Em termos de tempo, duas a três horas de estudo por dia, bem usadas, já fazem diferença. Você pode começar sempre revisando rapidamente o que viu no dia anterior, estudar teoria com exercícios na sequência e fechar com um bloco de prática mais intensa ou com produção de texto.

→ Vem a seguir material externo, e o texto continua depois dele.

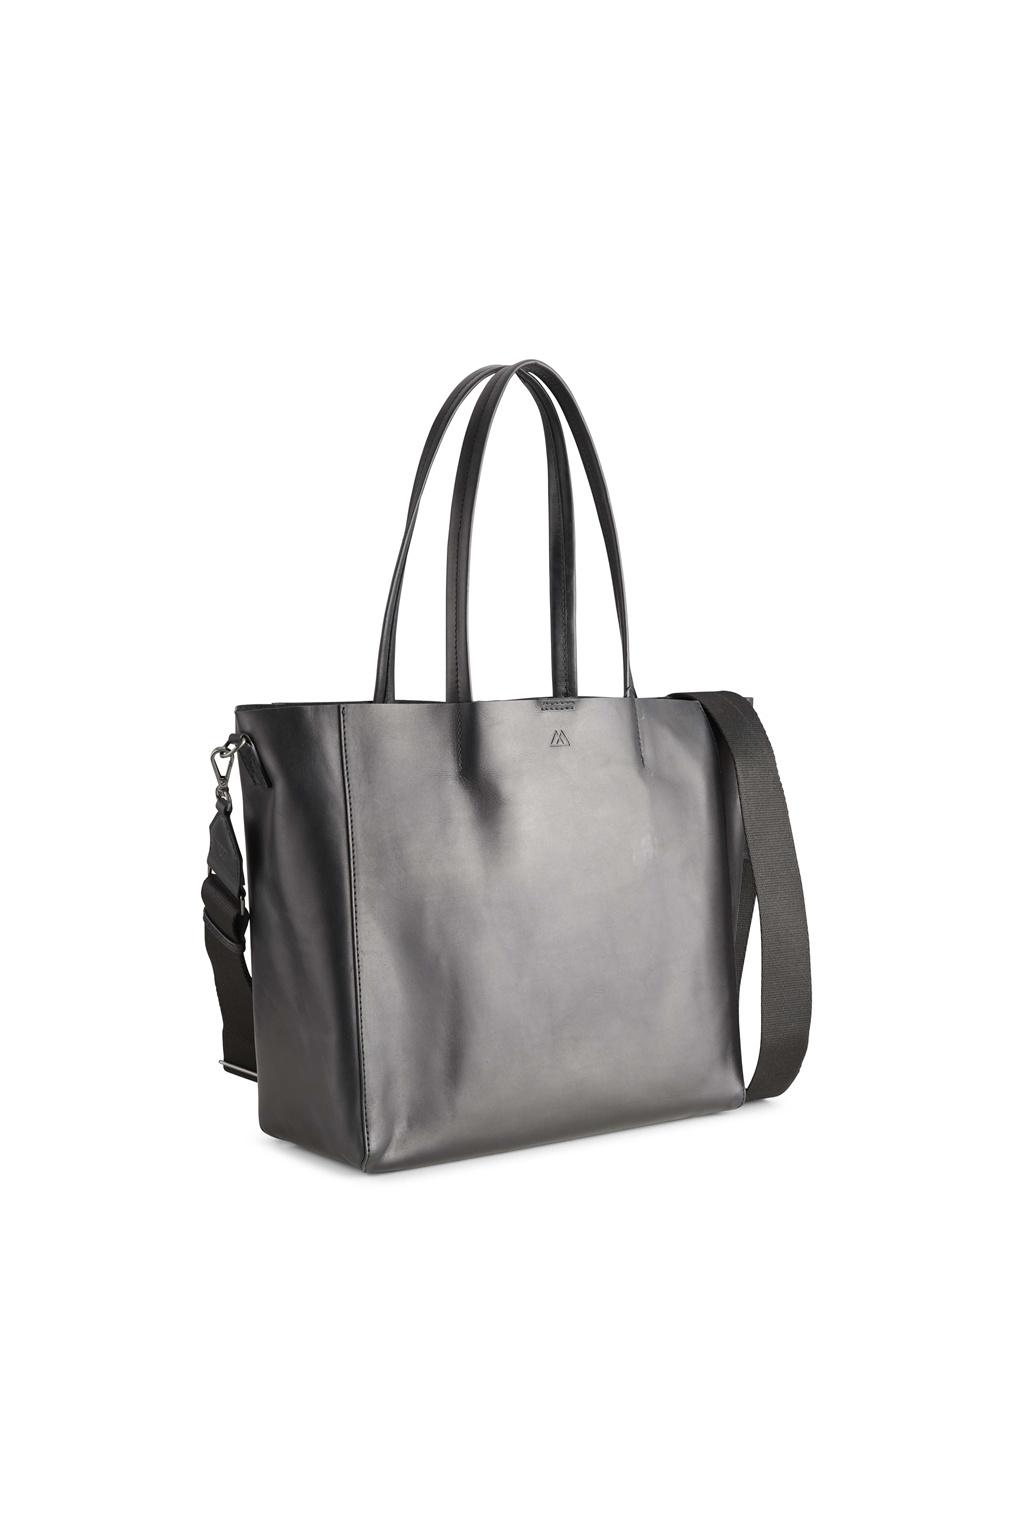 Reese Shopper Bag - Antique Black w/ Black-2

Lembre-se de adaptar esse modelo à sua realidade: escola, cursinho, trabalho, tempo de deslocamento… o importante é que o plano seja real e que você consiga manter a constância.
Saúde emocional também conta para passar na USP
A Fuvest é puxada, sim. A pressão é grande, sim. Mas você não é uma máquina. Cuidar da saúde emocional não é luxo, é parte da preparação.
Dormir bem, comer direito, fazer algum exercício físico, ter momentos de descanso e pedir ajuda quando estiver sobrecarregada fazem diferença direta no seu desempenho. Ansiedade alta derruba a concentração, atrapalha a memória e pode fazer você "branco" na hora da prova.
Tente encarar o processo como um caminho de amadurecimento, não só como "tudo ou nada". Passar na USP é um objetivo totalmente possível, mas o que você aprende se organizando, estudando com constância e cuidando de si mesma vai acompanhar você por toda a vida acadêmica.
Recado final pra quem sonha com a USP
Se a USP está no seu radar para 2027, o melhor momento para começar é agora, com o que você tem e de onde você está. Entenda a Fuvest, conheça o seu jeito de estudar, monte um plano que caiba na sua rotina e vá ajustando no caminho.
Não é sobre perfeição, é sobre constância. Cada página lida, cada questão resolvida, cada redação escrita é um passinho a mais na direção da sua vaga. E você merece se ver lá dentro.